Charlemagne thought of himself as being a Frank, not a European. He even tried to wear only Frankish clothes. He rejected foreign clothes, however gorgeous they might be, and never agreed to be dressed in them, except once in Rome when Pope Hadrian had requested it, and, on another occasion, when his successor Leo had begged him.
Regarding the standardization that Charlemagne brought to Europe, it must be kept in mind that Charlemagne often declined to pursue standardization. For example, Charlemagne did not try to turn those whom he conquered into Franks. On the contrary, Charlemagne reinforced, and maybe even created and imposed, non-Frankish identities on those whom he had defeated.
The Frankish legal system was not based on territoriality of law, in which the location where a crime happened determines which laws apply. Rather, the Frankish legal system was based on ‘personality of law’, in which the ethnicity of the parties involved determined which laws applied. Franks had their own law codes, and Lombards had their own law code.
When Charlemagne conquered the Saxons, he did not impose Frankish law on them; instead, he had the Saxon laws codified and written down, thereby cementing the Saxon identity.
Notker, who wrote a biography of Charlemagne, tells us that, during the ninth century, some groups within Charlemagne’s Empire, such as Aquitanians and Bavarians, voluntarily came to identify themselves as Franks. Had that trend continued and spread, then Charlemagne’s Frankishness might well have become the basis of a continent-wide identity. But the trend did not continue.
For those living outside Europe, Europeans were all ‘Franks’—at the time of the First Crusade and for some time thereafter, Arabs used a single blanket terms for all western Europeans, including those who remained in Europe, those who crusaded, and those who settled in the crusader states. The term was al-Ifranj, which is derived from Frank.
But in Europe itself, older regional identities persisted while an overall Frankish identity did not persist. In East Francia, the Frankish identity died out entirely, giving way to a shared Teutonic, or German, identity.
This article comes directly from content in the video series Charlemagne: Father of Europe. Watch it now, on Wondrium.
Charlemagne’s Multi-ethnic Court
Charlemagne’s multi-ethnic court bolsters the case for him being the father of Europe; he assembled people from different parts of Europe to work together.
At the same time, his multi-ethnic court was a generational oddity, not a model that persisted. Under Charlemagne’s son and under later successors, the court scholars and the empire’s intelligentsia were predominantly Frankish.
And while Charlemagne loved foreigners, it is unclear whether he recruited Anglo-Saxon, Irish, Spanish Goth, and Italian scholars to his court for the cosmopolitan flavor that they added, or simply because he lacked Franks capable of doing (and doing well) the work that he wanted done.

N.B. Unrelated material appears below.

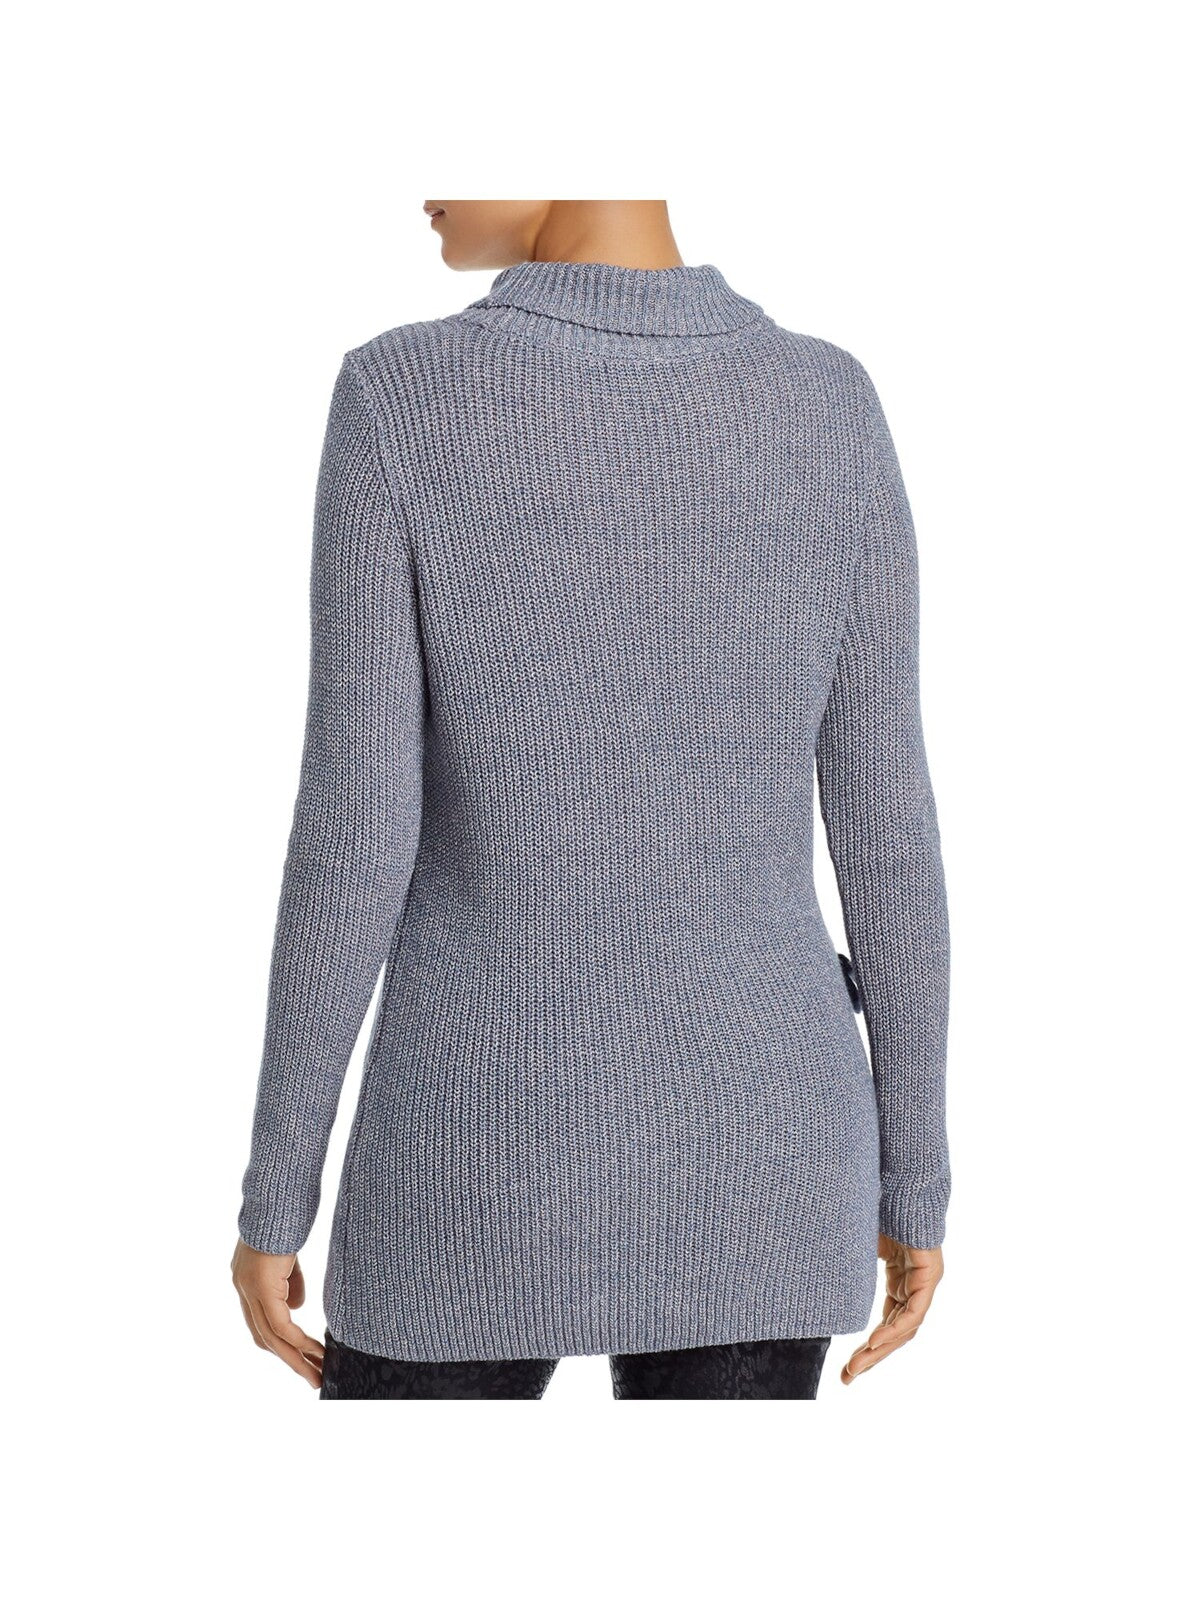 NIC+ZOE Womens Blue Stretch Textured Ribbed Woven Side-tie Contrast Long Sleeve Turtle Neck Tunic Sweater XS

Also, while Gaelic-speakers of Europe’s northwest seemed strange, at least they were allowed to live and work at Charlemagne’s court. No Scandinavian or Slav lived and worked at Charlemagne’s court, and Franks sometimes viewed Slavs, and other central and eastern Europeans, with murderous contempt.
Opposites That Don’t Go Together
Charlemagne loved meeting foreigners and recruited foreigners to his court, but it was a place where Charlemagne’s scholars hurled ethnic slurs at one another, possibly for Charlemagne’s amusement; and he launched wars in which foreign enemies speaking strange languages were tadpoles, worms, and not even human.
That is the world of the eighth and ninth centuries, a world that Charlemagne epitomized in many ways. His Europe is not ours; it is not even the Europe of centuries much closer to Charlemagne’s lifetime than to our own, such as the eleventh and twelfth centuries, or, despite his claims to be a renewer of the Roman Empire, the fourth and fifth centuries.
Charlemagne’s world is too rural and too Christian, too medieval with its fiefs and knights, to be the Europe that ancient Greeks and Romans knew. Yet, Charlemagne’s world also lacks the stone castles, the crusades, the inquisitors, and the chivalric culture that we think of as essential components of the Middle Ages.
Recognizing Charlemagne’s particularity leads us to a broader conclusion and insight: The unexpected opposites in Charlemagne’s world and in Charlemagne himself remind us that our own notions of what should and should not go together will not last forever.
Common Questions about Charlemagne: An Emperor of Frank Origin
Charlemagne loved to see himself as a Frank and nothing more. He rejected foreign clothes, however gorgeous they might be, and never agreed to be dressed in them, except once in Rome when Pope Hadrian had requested it, and, on another occasion, when his successor Leo had begged him.
Charlemagne often declined to pursue standardization. For example, he did not try to turn those whom he conquered into Franks. On the contrary, he reinforced, and maybe even created and imposed, non-Frankish identities on those whom he had defeated. Indeed, each group in his kingdom had its own encrypted and written legal identity.
Charlemagne loved meeting foreigners and recruited foreigners to his court. Charlemagne’s multi-ethnic court had people from different parts of Europe working together. However, his multi-ethnic court was a generational oddity and not a model that persisted.